Chaney, Sara Biggs. "Study of Teacher Error: Misreading Resistance in the Basic Writing Classroom." Journal of Basic Writing 23.1 (2004): 25-38.

5 comments:

Amy said...

Well, okay, Chaney may have overstated a bit on "failing" the student. No one can know the outcomes of their actions exactly, and no one can "save" anyone from academic failure without sufficient cooperation from the "victim." But I still think Chaney was right in recognizing the flaws of the "critical gesture" approach.

"Amy"

Teacher: Gabe Isackson e-mail: gisackson@spsmail.org said...

Wow! Powerful stuff - to be specific. A teacher should always delve into the possibilities, but you have to stop somewhere. So at what point are you doing the work others should take over - true dat.

Teacher: Gabe Isackson e-mail: gisackson@spsmail.org said...

I think of it in terms of, "I support the war, but not the troops." :)
Great words from a great man. (lol)

scoutnell7 said...

I was also baffled by Chaney feeling bad about making the student write in her writing class. I also found it confusing that a student would be so against writing and have chosen to attend a liberal arts college. There are other types of schools with programs that focus much less on writing than at a liberal arts university.

Pollyanna said...

“it was unfortunately not within my power to stop assigning writing in the writing classroom and take up some other topic Amber found more practical” (35).

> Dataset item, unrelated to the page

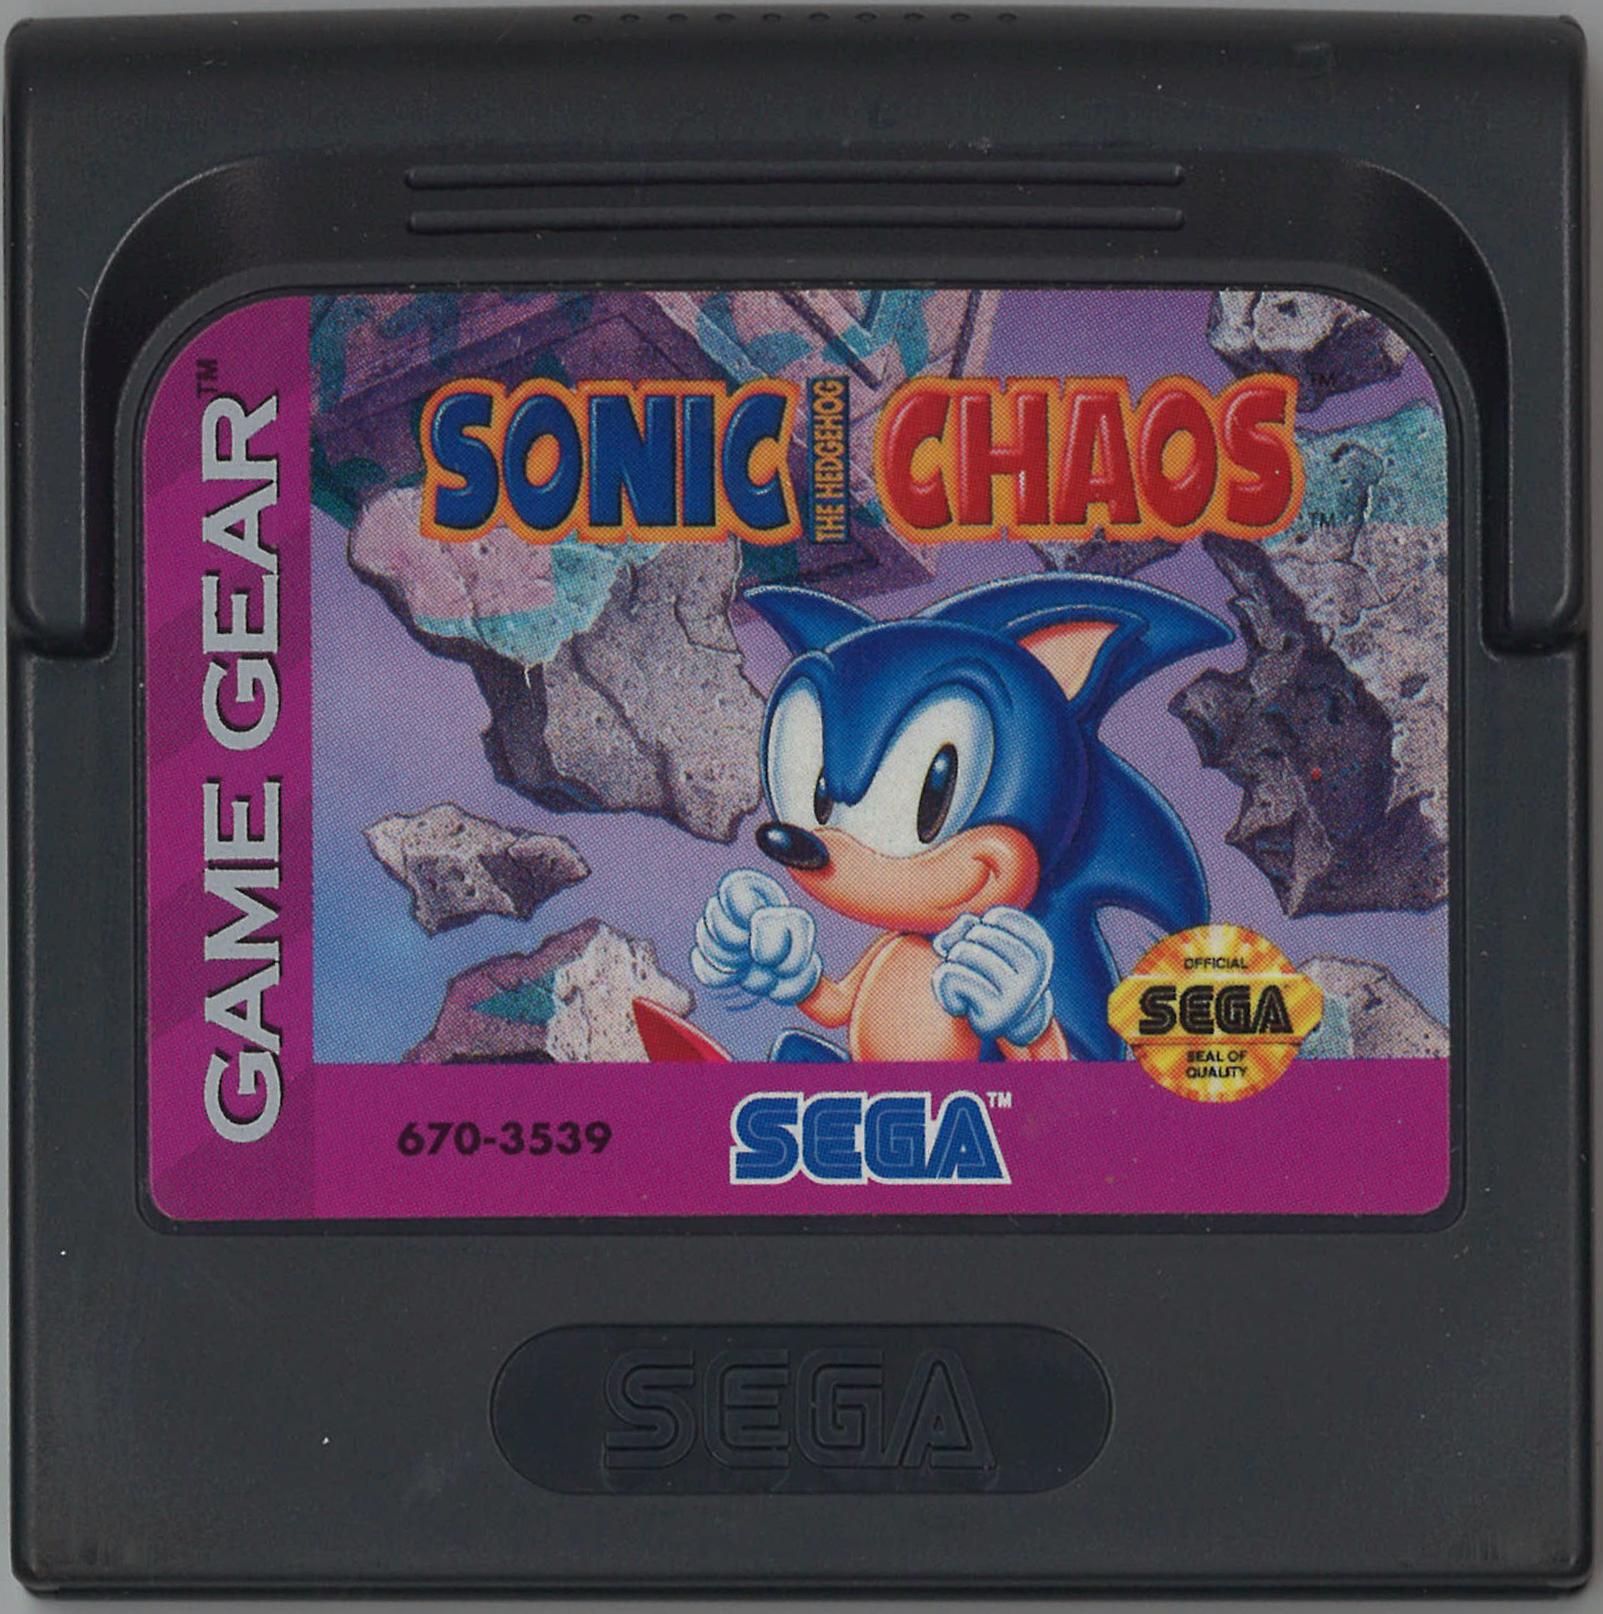 Sonic gear. Sonic CD Sega картридж. Игра Sonic the Hedgehog 2 / Sega game Gear. Game Gear Cartridge. Sonic Chaos game.

This would be absurd only if you understand the tone to be totally, uncomplicatedly earnest. I don't think it is.

I appreciate your observations, Bearded Fury, but I think your comments are overly invested in seeing the individual case of Amber as just that, an individual case. In the article, the individual case is being used as anecdotal evidence to speak back to a body of scholarship on resistance.

In making your comments without fully placing the anecdote of Amber in its context (both within the theoretical frame provided by Chaney, and within the larger discussions of resistance in the field) you are changing the terms of what the author was actually trying to write about.

PS: I don't think all students feel themselves to be "electively" in college, as you optimistically, and rather naively, suggest.